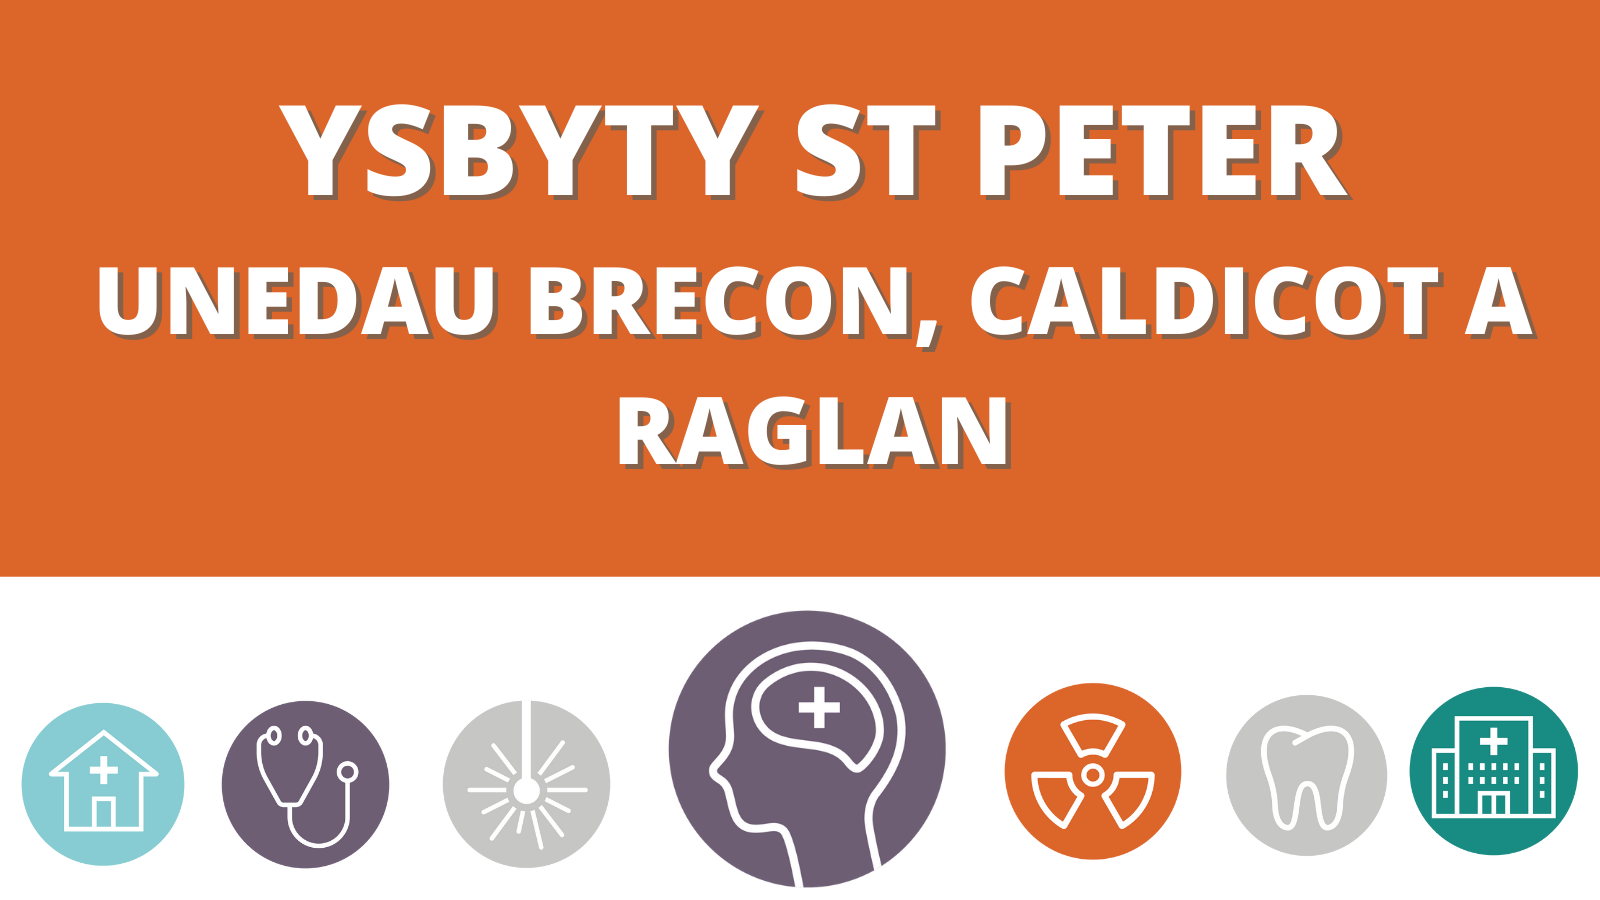 Ysbyty St Peter - Unedau Brecon, Caldicot a Raglan
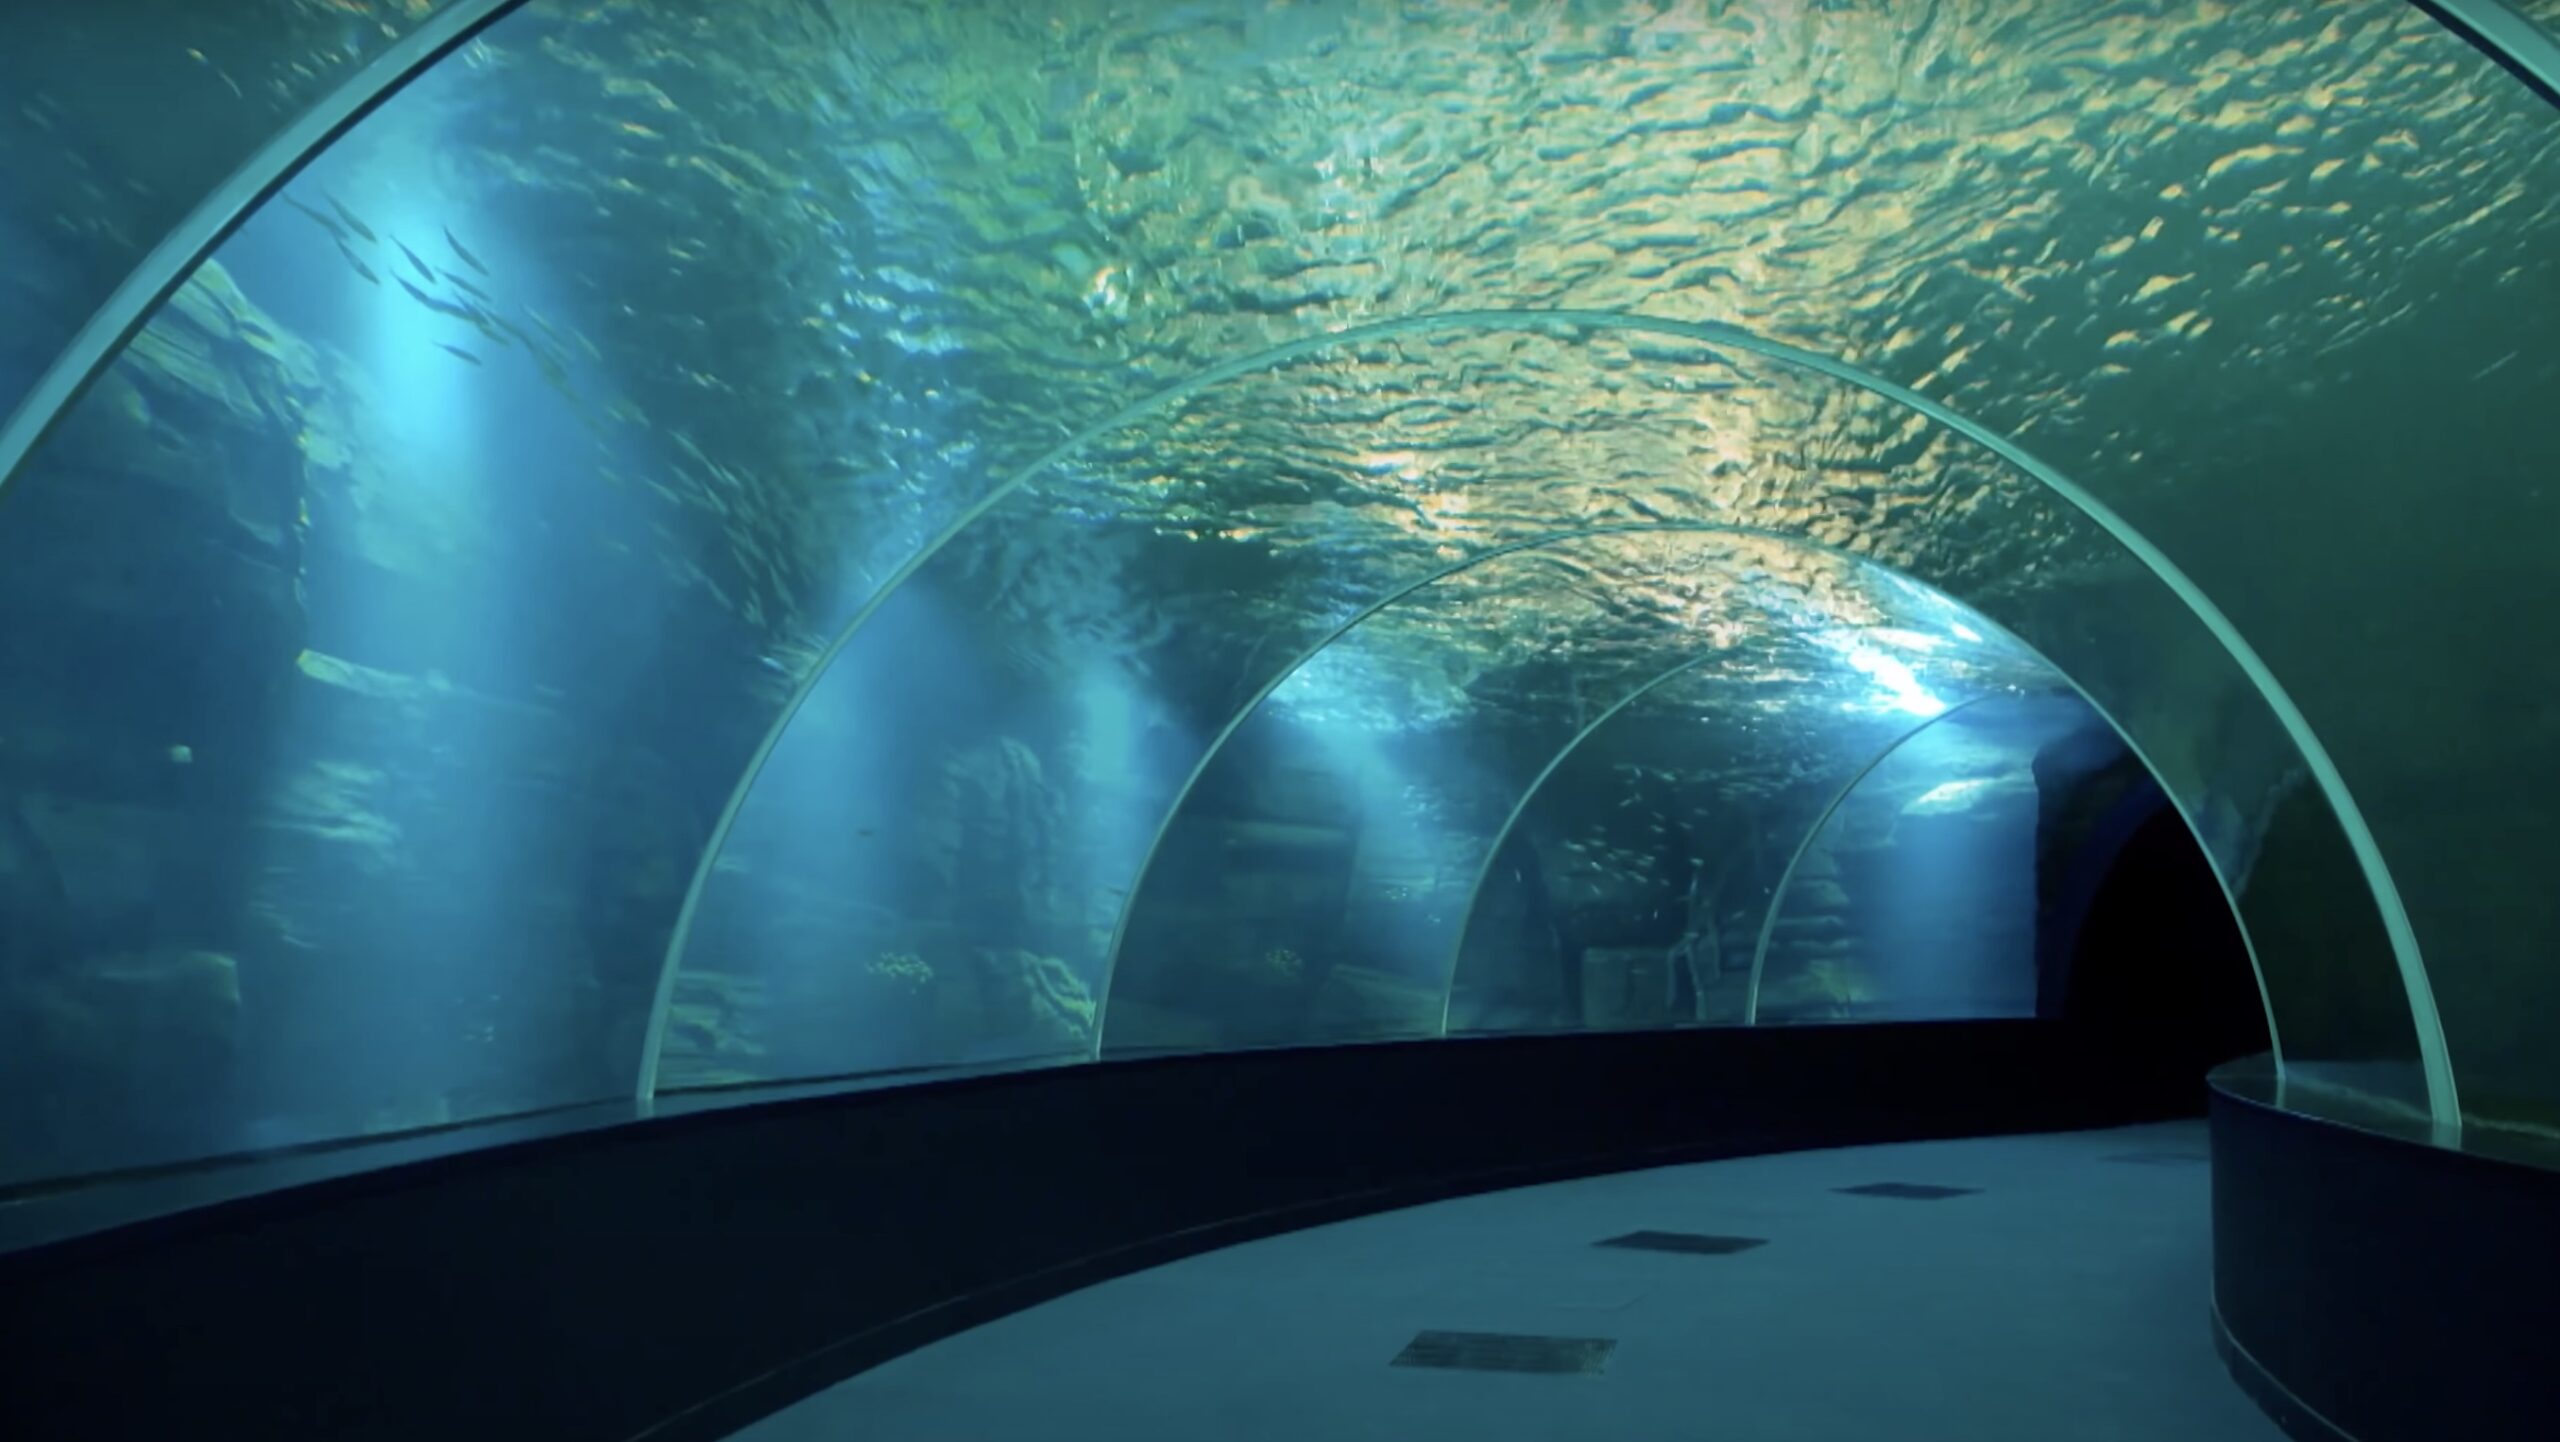 tunel led luz acuario publico
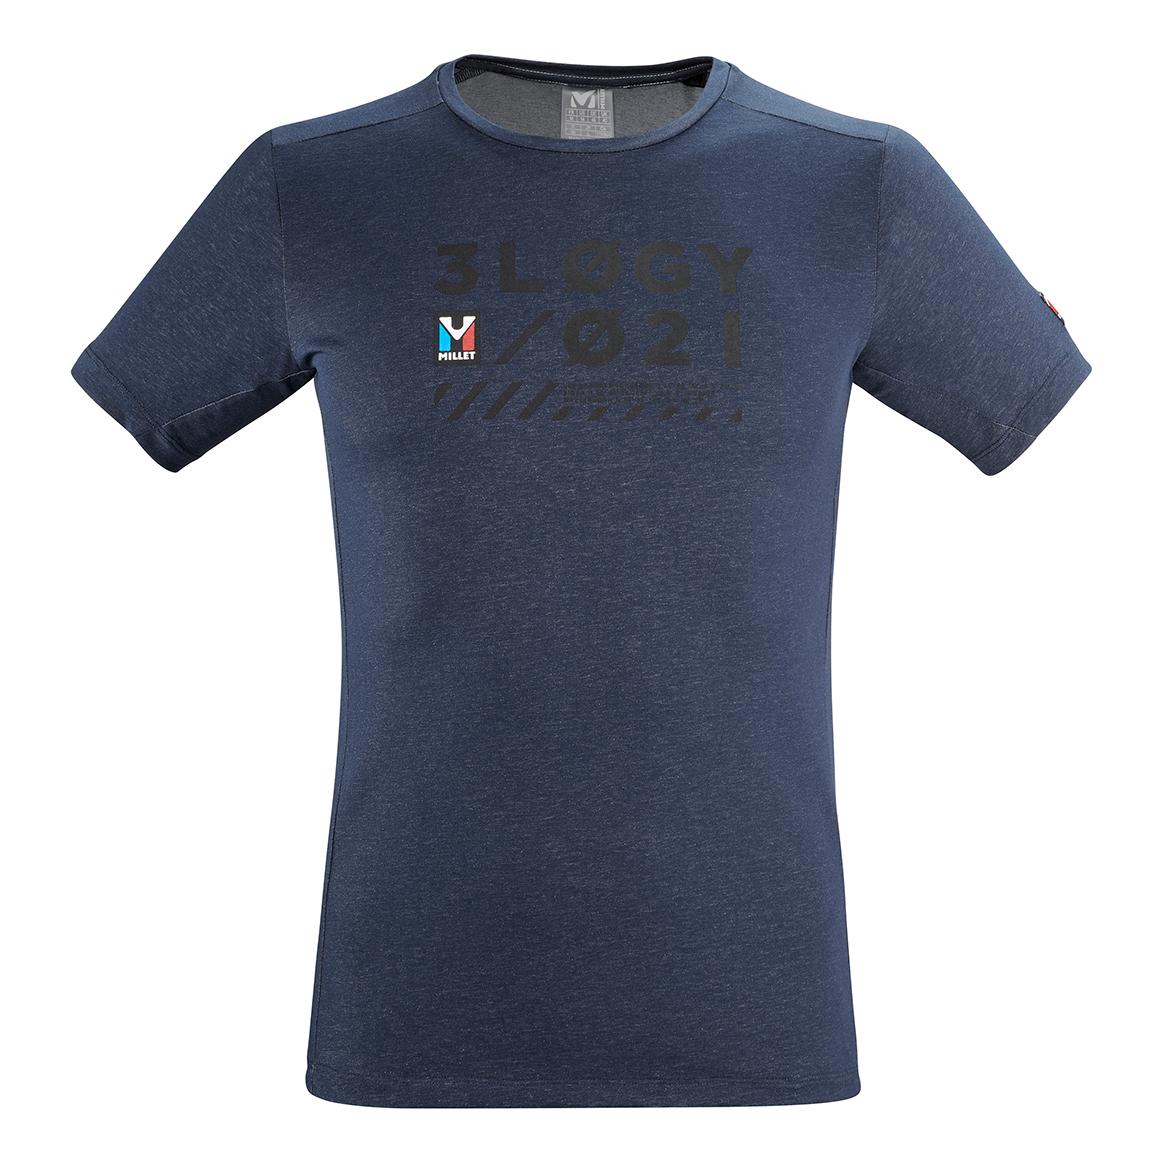 Millet Trilogy 21 T-Shirt Short Sleeve Bleu foncé S

**********

▶ **Your task**:
Where the data includes pictures, leave them out and write out everything else exactly.

▶ **Answer space**:
 Ysbyty St Peter - Unedau Brecon, Caldicot a Raglan
 tunel led luz acuario publico
 Millet Trilogy 21 T-Shirt Short Sleeve Bleu foncé S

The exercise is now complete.